C23C-0806
Ice sheet surface mass balance from models and GRACE

Tuesday, 15 December 2015
Poster Hall (Moscone South)
Scott B Luthcke1, Bryant Loomis1, Richard I Cullather2 and Sophie Nowicki1, (1)NASA Goddard Space Flight Center, Greenbelt, MD, United States, (2)University of Maryland College Park, College Park, MD, United States
Abstract:
Surface mass balance (SMB) represents a significant portion of the overall mass balance of the Greenland and Antarctic ice sheets. Accurate modeling of the SMB processes is key to our understanding of the past, present and future evolution of the ice sheets in response to climate forcings. Characterizing errors and improving the models is necessary to enhance our understanding of the SMB processes driving change, but also to isolate other processes such as dynamic ice loss through the combined reduction of satellite, airborne, in-situ and model data. In this study we quantify the performance of the MERRA-2 SMB model for the Greenland and Antarctic ice sheets using satellite gravity observations from the GRACE mission.

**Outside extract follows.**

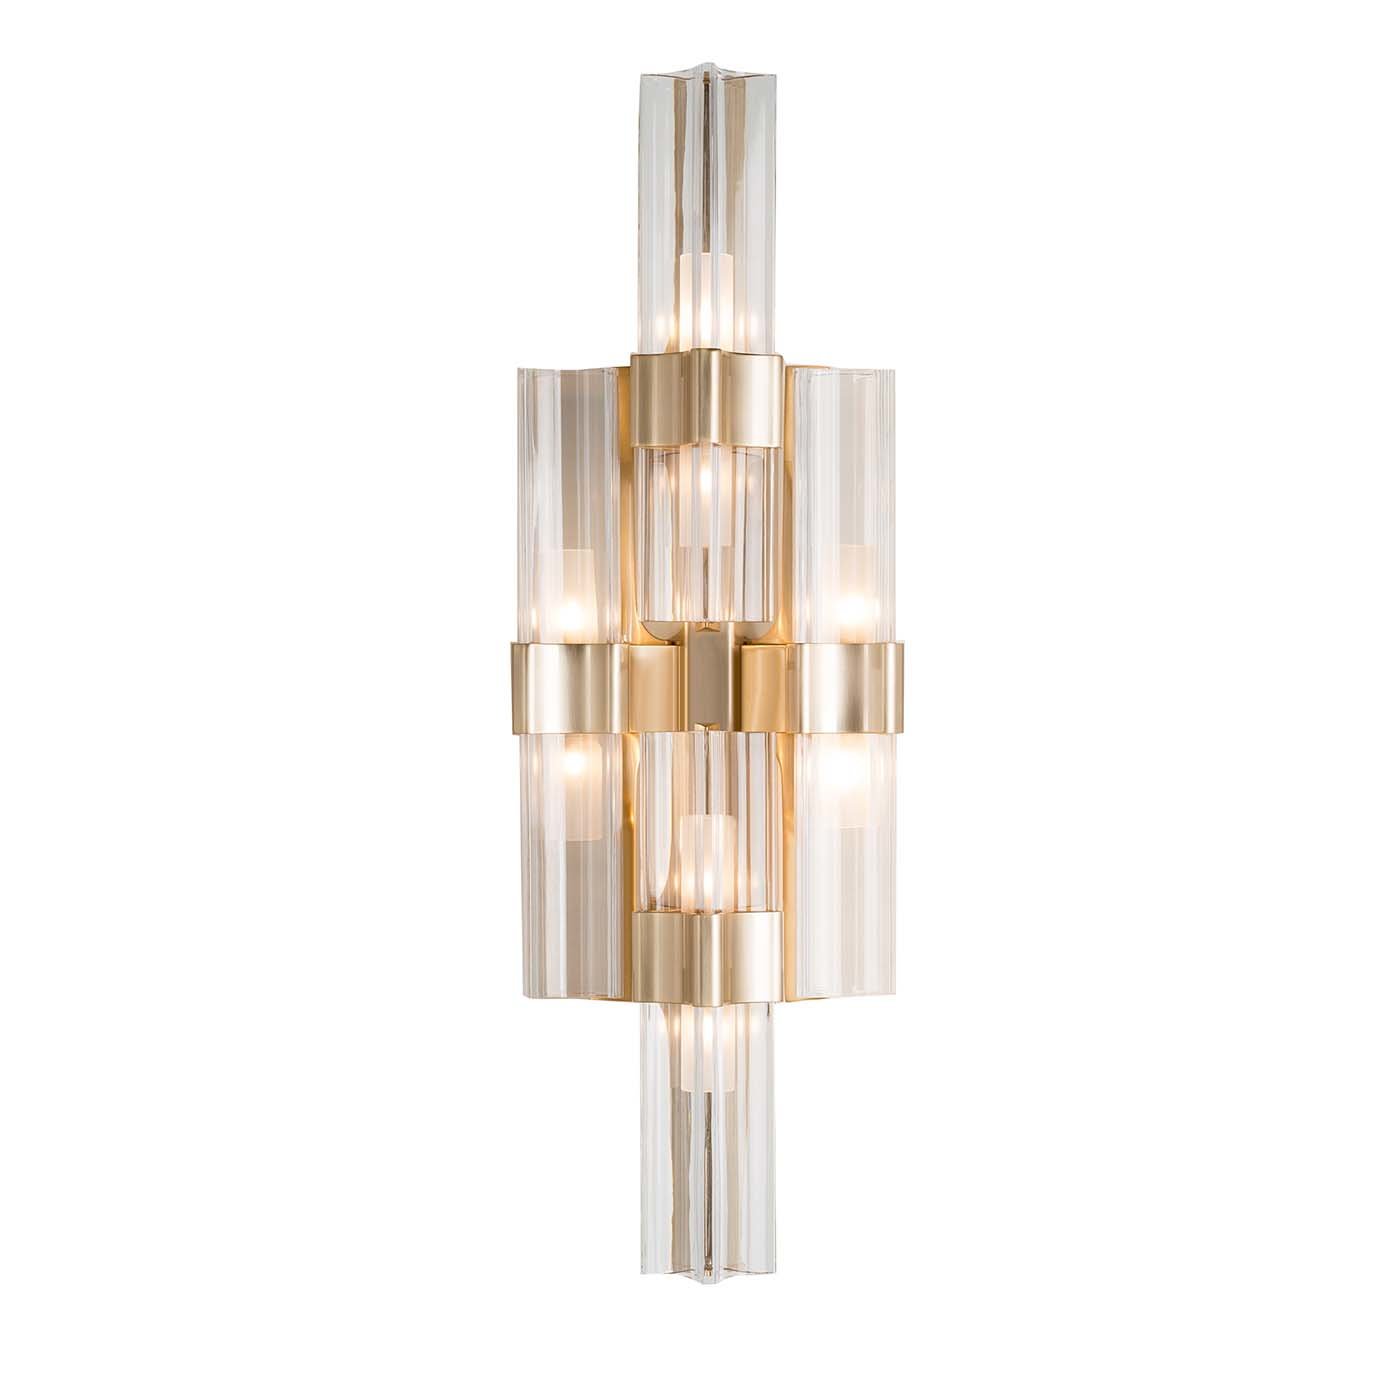 Eterea Wall Lamp Gold Crystal by Emanuela Benedetti - Main view

We use two approaches in quantifying the performance and constraining the SMB model. First we compare the spatial and temporal variation of the intrinsic modes determined from both the MERRA-2 SMB model output and the NASA GSFC release 2 iterated high-resolution GRACE mascon solution. We take advantage of the mascon solution’s improved signal to noise and minimization of signal leakage. We use the Ensemble Empirical Mode Decomposition (EEMD) adaptive filter to isolate seasonal, annual, and inter-annual modes in both the GRACE mascons and SMB model data. Spatial and temporal variations are compared and analyzed. Second, we incorporate the SMB model output of spatial and temporal surface mass change into our forward modeling used in the formal reduction of the GRACE inter-satellite range-rate data. The full spatial and temporal resolution of the SMB model is forward modeled. We analyze the change in the inter-satellite range-rate residuals as well as the new estimated mascon solution which has the SMB model output rigorously removed through forward modeling in the GRACE range-rate data reduction. The EEMD analysis is applied to the “delta mascon” solution and compared to the solution without the SMB forward modeled. The results of the EEMD analysis as well as the “delta mascon” solution are presented and interpreted. The techniques developed can be used to quantify the performance and improve other SMB models and to isolate other processes such as dynamic ice loss.